Hello Again Myrna, Hope you all like this as well. Penne is baked with asparagus, brocoli, bell pepper, prosciutto, sun-dried tomatoes, and Parmesan cheese for a colorful flavorful dish. Add the tasty Salad below and some fresh made Crusty Italian bread for a complete meal. Penne Pasta with Veggies Ingredients - 10 ounces penne pasta
- 1 tablespoon and 1/2 teaspoon olive oil
- 5 ounces asparagus, trimmed and cut into 1 inch pieces
- 1/2 cup and 1 tablespoon and 2 teaspoons fresh broccoli florets
- 1/2 cup and 1 tablespoon and 2 teaspoons chopped red bell pepper
- 1/2 cup and 1 tablespoon and 2 teaspoons chopped zucchini
- 1/3 cup and 2 tablespoons butter
- 1 tablespoon and 1/2 teaspoon minced garlic
- 3 ounces prosciutto, diced
- 1 cup and 3 tablespoons sun-dried tomatoes, packed in oil
- 5 ounces grated Parmesan cheese
Directions - Preheat oven to 375 degrees F (190 degrees C).
- Bring a large pot of lightly salted water to a boil. Add pasta and cook for 8 to 10 minutes or until al dente; drain. Toss with olive oil.
- In a large skillet over medium-high heat, roast asparagus, broccoli, bell pepper and zucchini until flecked with dark brown. Set aside.
- In a large skillet over medium heat, melt butter. Saute garlic with prosciutto and sun-dried tomatoes until heated through. Toss with penne, roasted vegetables and Parmesan. Place in a 9x13 inch baking dish.
- Bake in preheated oven 30 to 40 minutes, until hot. Serves 6.

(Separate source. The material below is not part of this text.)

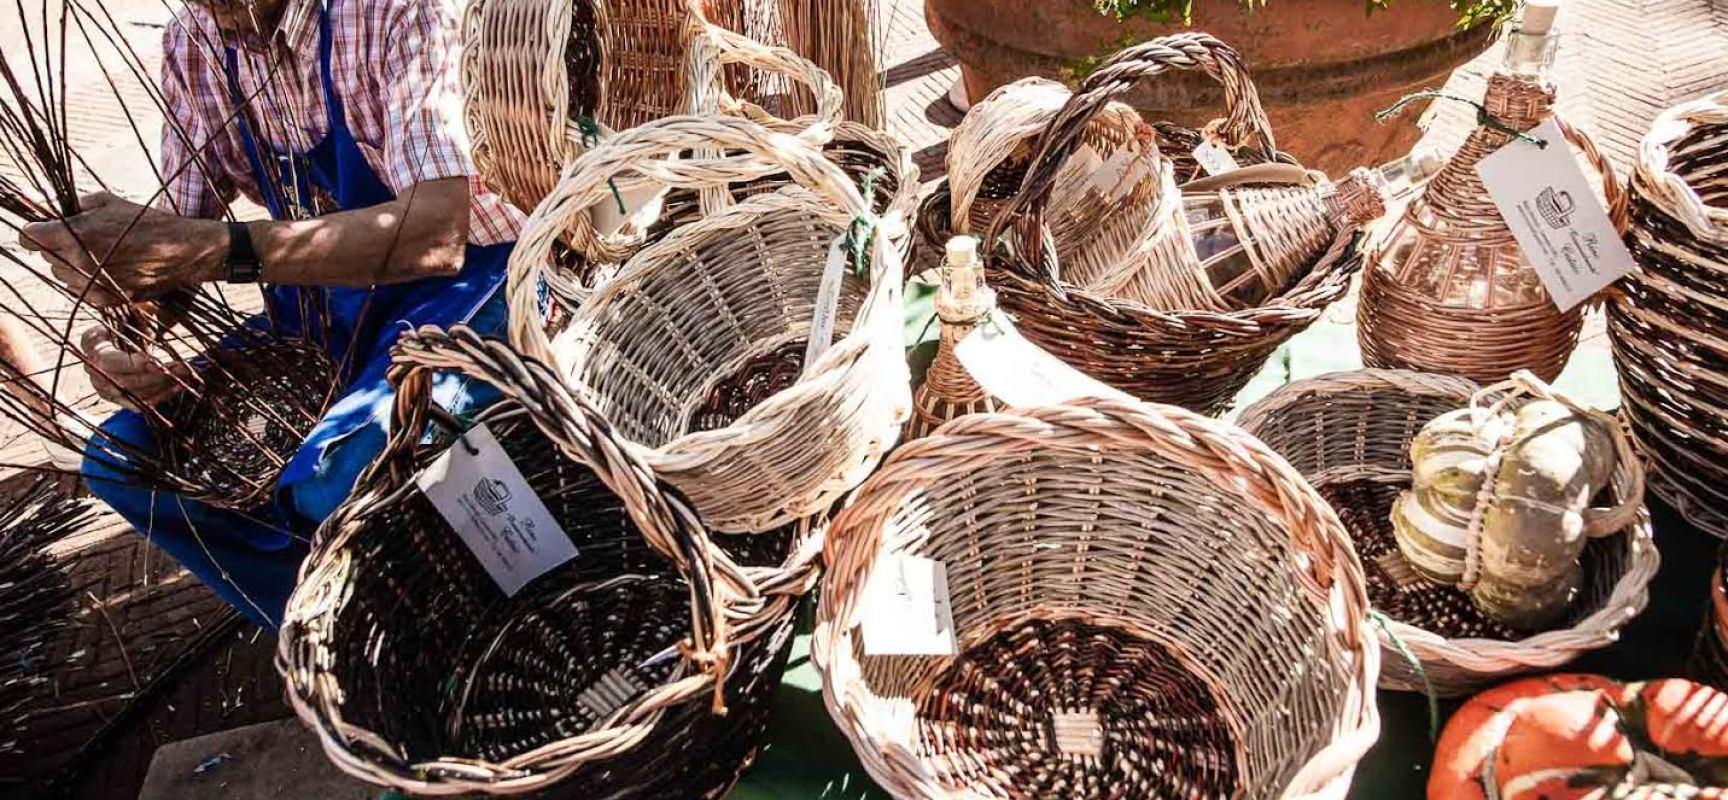 Castelvecchio Pascoli. Torna sabato 17 e domenica 18 settembre il Festival d'Autunno nella tenuta del Ciocco

A marinated artichoke dressing and two types of olives are the highlight of this zesty romaine lettuce salad. Spicy Italian Salad Ingredients - 1/2 cup canola oil
- 1/3 cup tarragon vinegar
- 1 tablespoon white sugar
- 1 teaspoon chopped fresh thyme
- 1/2 teaspoon dry mustard
- 2 cloves garlic, minced
- 1 (8 ounce) can artichoke hearts, drained and quartered
- 5 cups romaine lettuce - rinsed, dried, and chopped
- 1 red bell pepper, cut into strips
- 1 carrot, grated
- 1 red onion, thinly sliced
- 1/4 cup black olives
- 1/4 cup pitted green olives
- 1/2 cucumber, sliced
- 2 tablespoons grated Romano cheese
- ground black pepper to taste
Directions - In a medium container with a lid, mix canola oil, tarragon vinegar, sugar, thyme, dry mustard, and garlic. Cover, and shake until well blended. Place artichoke hearts into the mixture, cover, and marinate in the refrigerator 4 hours, or overnight.
- In a large bowl, toss together lettuce, red bell pepper, carrot, red onion, black olives, green olives, cucumber, and Romano cheese. Season with pepper. Pour in the artichoke and marinade mixture, and toss to coat. Serves 6.